Accessibility and remapping

Accessible input is good design, not a niche feature:

Full remapping — every action bindable to keyboard, mouse, gamepad, or touch.
Toggle vs hold — option for aim, sprint, and crouch; some players cannot hold triggers.
Adjustable sensitivity — separate sliders for mouse, stick, and touch.
Visual alternatives — on-screen prompts that mirror physical bindings; do not rely on color alone.
Pause always reachable — Esc or a persistent UI button; required for motor and cognitive accessibility.

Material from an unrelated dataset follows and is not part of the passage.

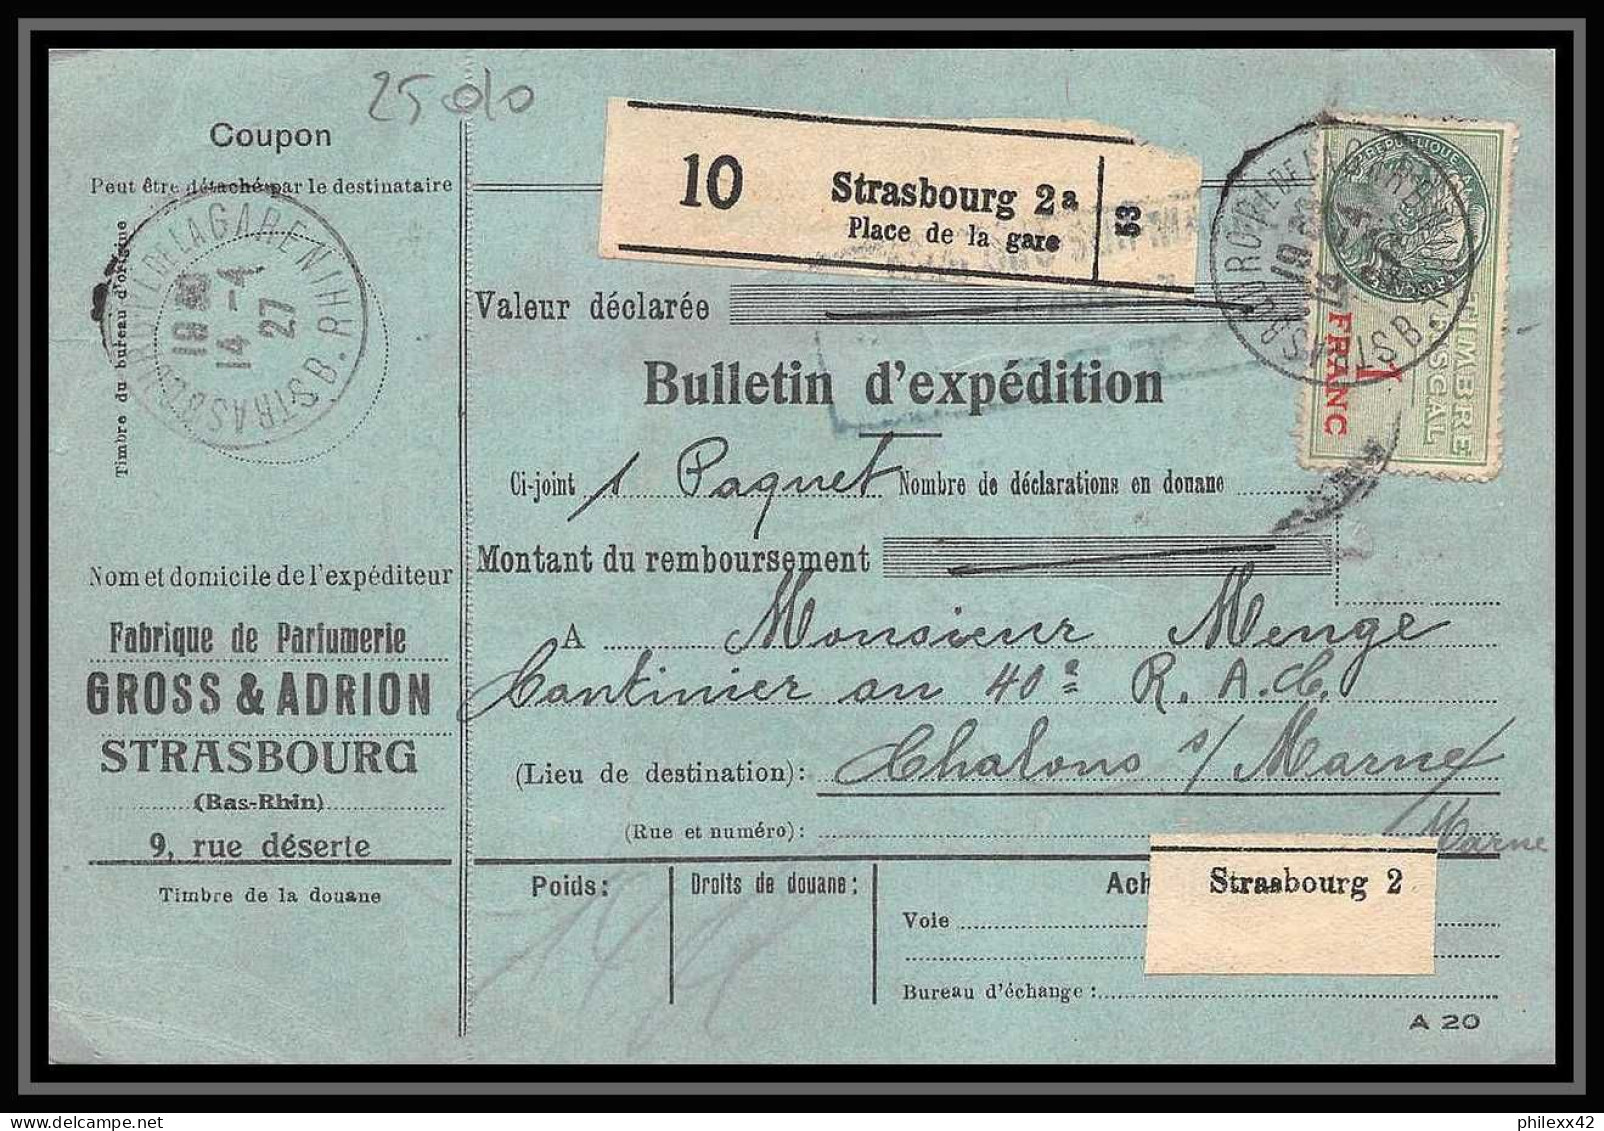 25010 Bulletin D'expédition France Colis Postaux Fiscal Haut Rhin - 1927 Strasbourg Merson 123+145 Alsace-Lorraine  - Briefe U. Dokumente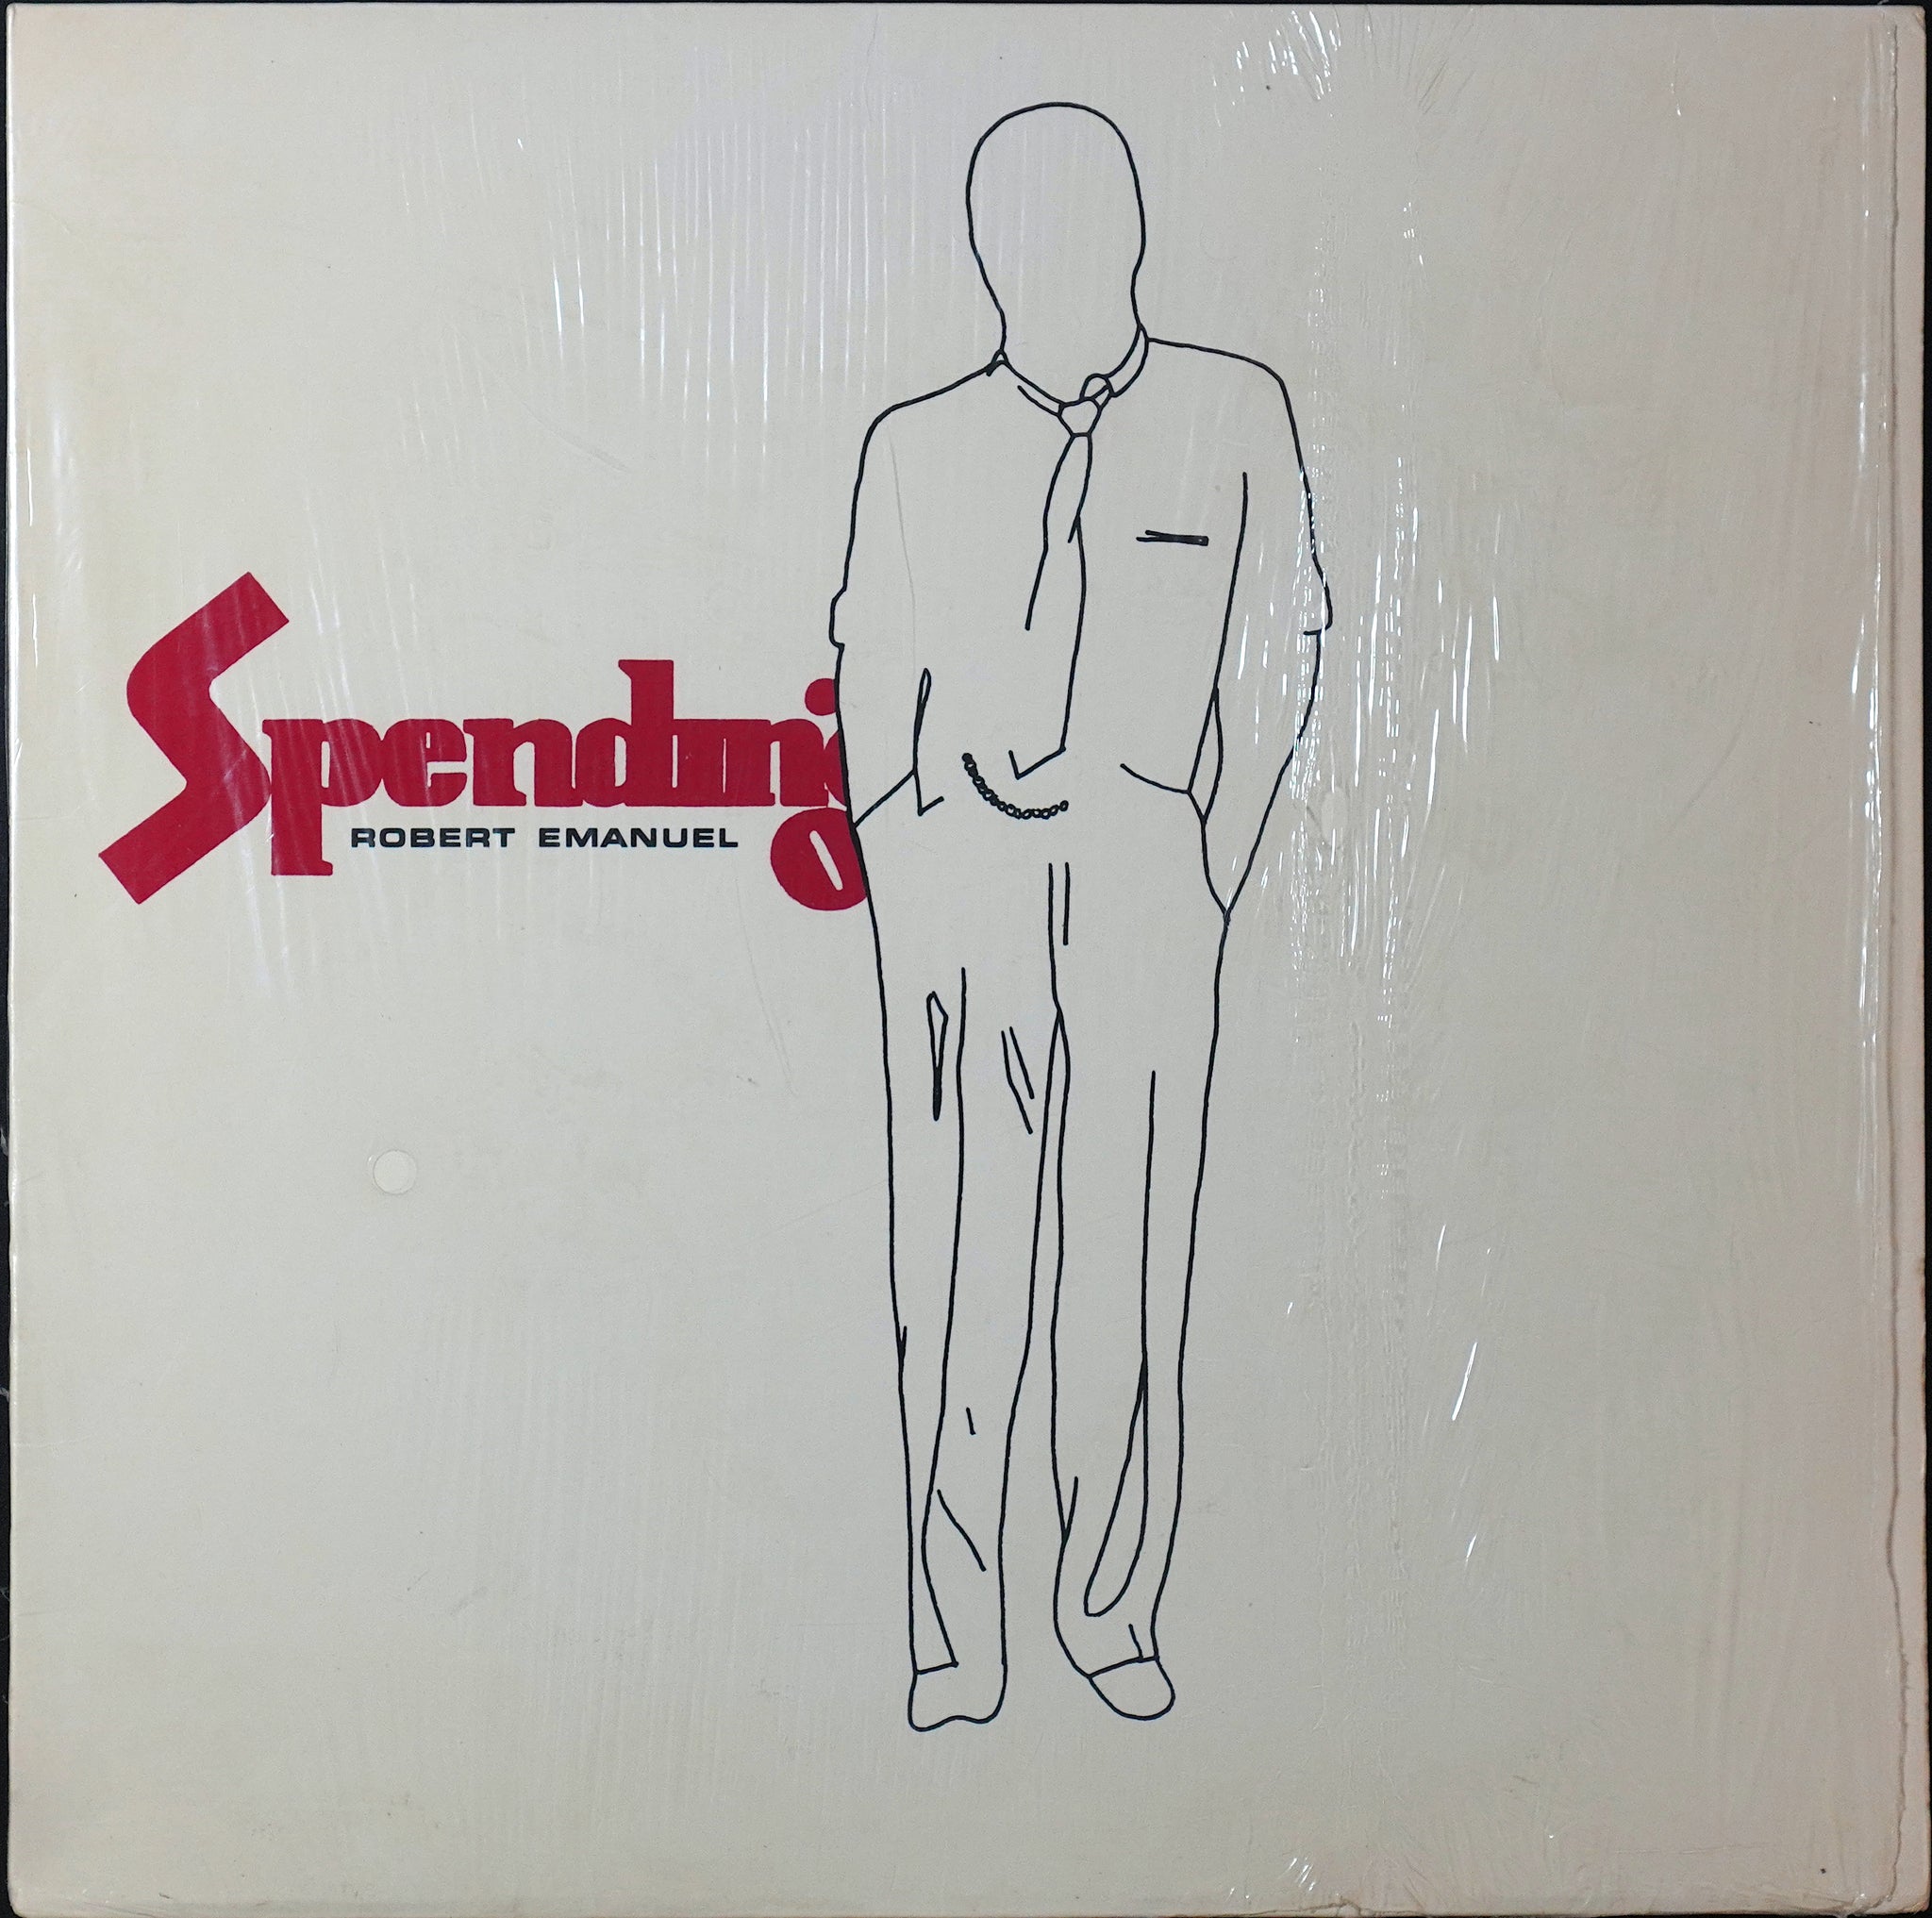 Robert Emanuel - Spending (LP)

Store bindings in localStorage or cloud saves so players keep settings across sessions. Test with only keyboard, only gamepad, and only touch — not everything at once on a developer desk setup.

Common pitfalls

Reading input mid-physics — causes frame-split inconsistencies; snapshot once at loop start.
Diagonal speed boost — normalize movement vectors to max length 1.
Missing blur/focus handlers — keys stay "down" when tab loses focus; clear state on window.blur.
Ignoring repeat rate — holding a key fires repeated keydown; gate UI typing separately from gameplay.
Gamepad not polled — connecting a controller does nothing until you call getGamepads() each frame.
Touch scrolling the page — forgotten preventDefault on game canvas causes accidental navigation.
Latency stacking — input buffer + network RTT + render interpolation adds up; profile end-to-end, not per layer in isolation.

Key takeaways

Snapshot input once per frame at the top of the game loop before simulation runs.
Use action mapping to decouple devices from gameplay — enables rebinding, AI, and clean networking.
Apply dead zones on analog sticks; buffer latest pointer positions from high-frequency events.
Coyote time and input buffers cheaply improve platformer feel on all devices.
In multiplayer, send timestamped action enums; keep simulation deterministic for server replay.
Support remapping, toggle options, and focus-loss cleanup for accessibility.